You can immediately see a huge time difference from SimpleRouter. Responses are in microseconds rather than milliseconds, but we're using 3x+ as much memory. From experimentation (and you can see this in the visualization) that the trie method creates a gigantic number of child elements to store the handler for every endpoint.

SegmentRouter

This second iteration is the first to achieve the best of both worlds; lower memory usage and lower time per request! In order to achieve this, we simply split routes into segments and store each segment as a node. This means that there are no extraneous child elements and navigating to an endpoint requires less effort. The visualization also shows how much simpler the tree is compared to TrieRouter.

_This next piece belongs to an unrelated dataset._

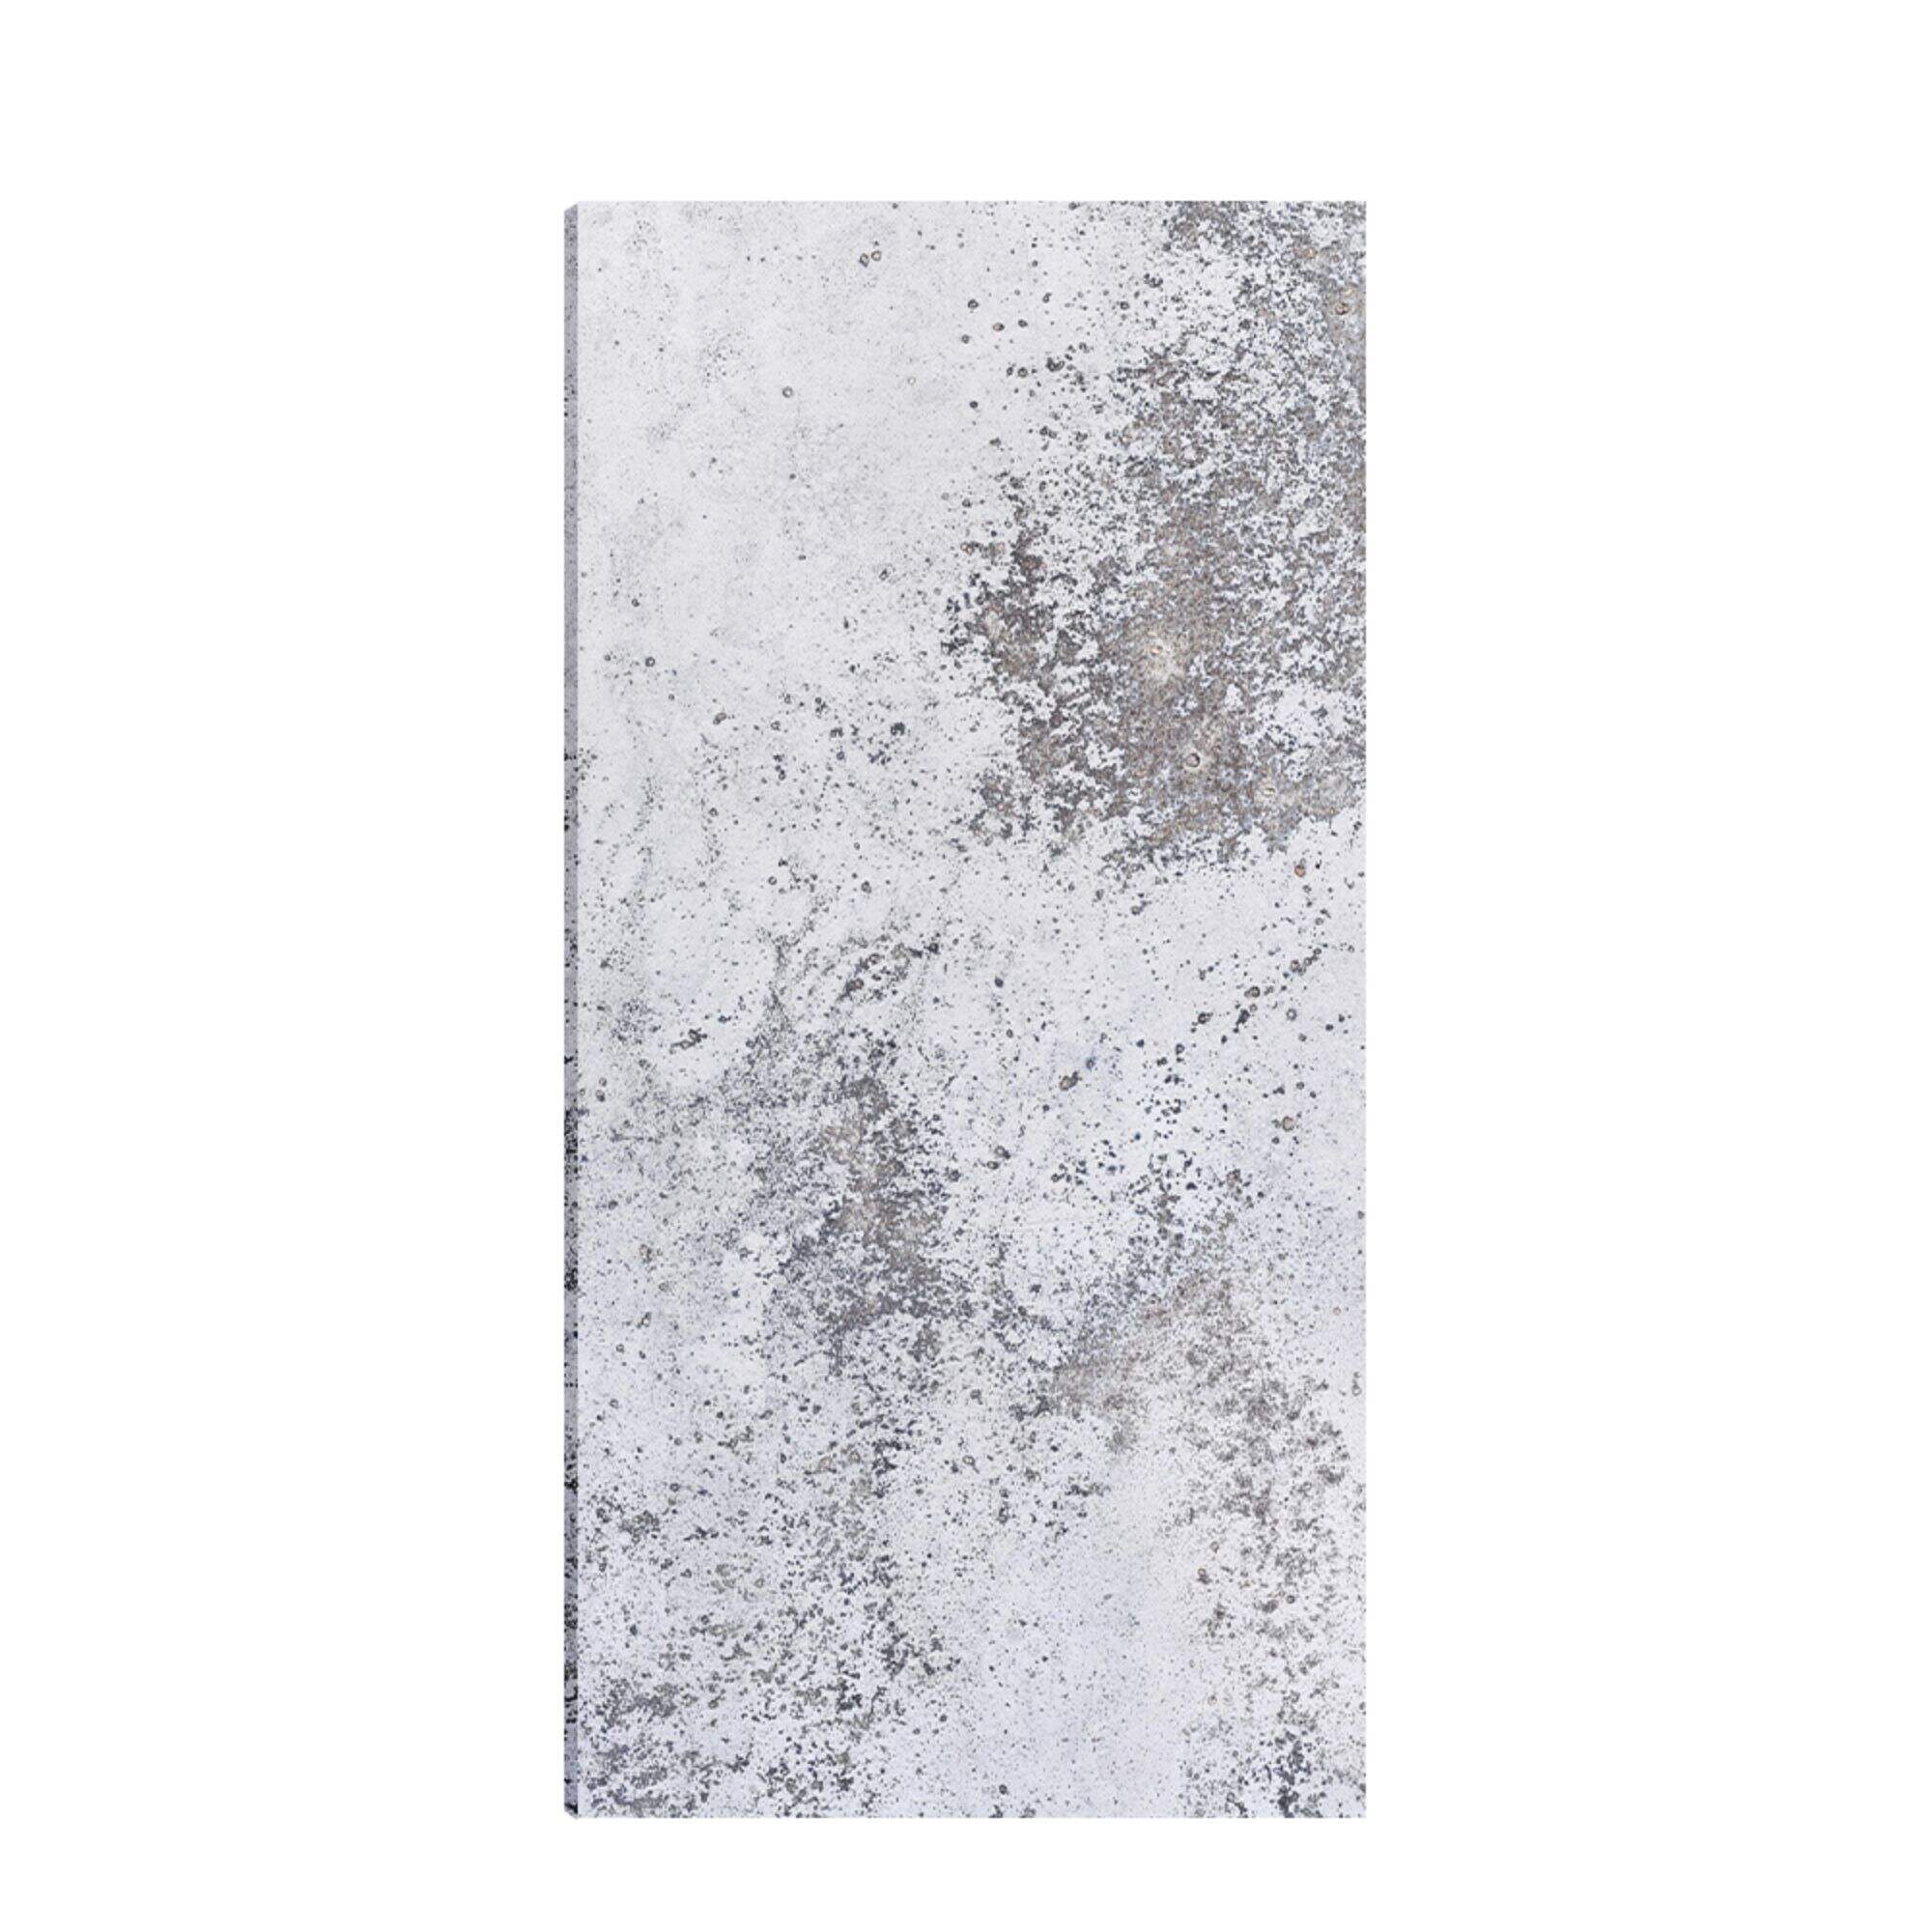 Mount white Gilt Sandstone Cement Board

Running 1000000 iterations
(100000 lookups) M: 2891.8 kb - T: 0.0500328541 s
(200000 lookups) M: 2891.8 kb - T: 0.0995390415 s
(300000 lookups) M: 2891.8 kb - T: 0.1491589546 s
(400000 lookups) M: 2891.8 kb - T: 0.1987509727 s
(500000 lookups) M: 2891.8 kb - T: 0.2471258640 s
(600000 lookups) M: 2891.8 kb - T: 0.2962870598 s
(700000 lookups) M: 2891.8 kb - T: 0.3496289253 s
(800000 lookups) M: 2891.8 kb - T: 0.3990900517 s
(900000 lookups) M: 2891.8 kb - T: 0.4483740330 s
Time: 0.4971950054 s
Avg/lookup: 0.0000004973 s

Truly our most impressive show yet. By simplifying the structure of our tree and only storing what we need, we can achieve pretty incredible results in only 3 MB of RAM.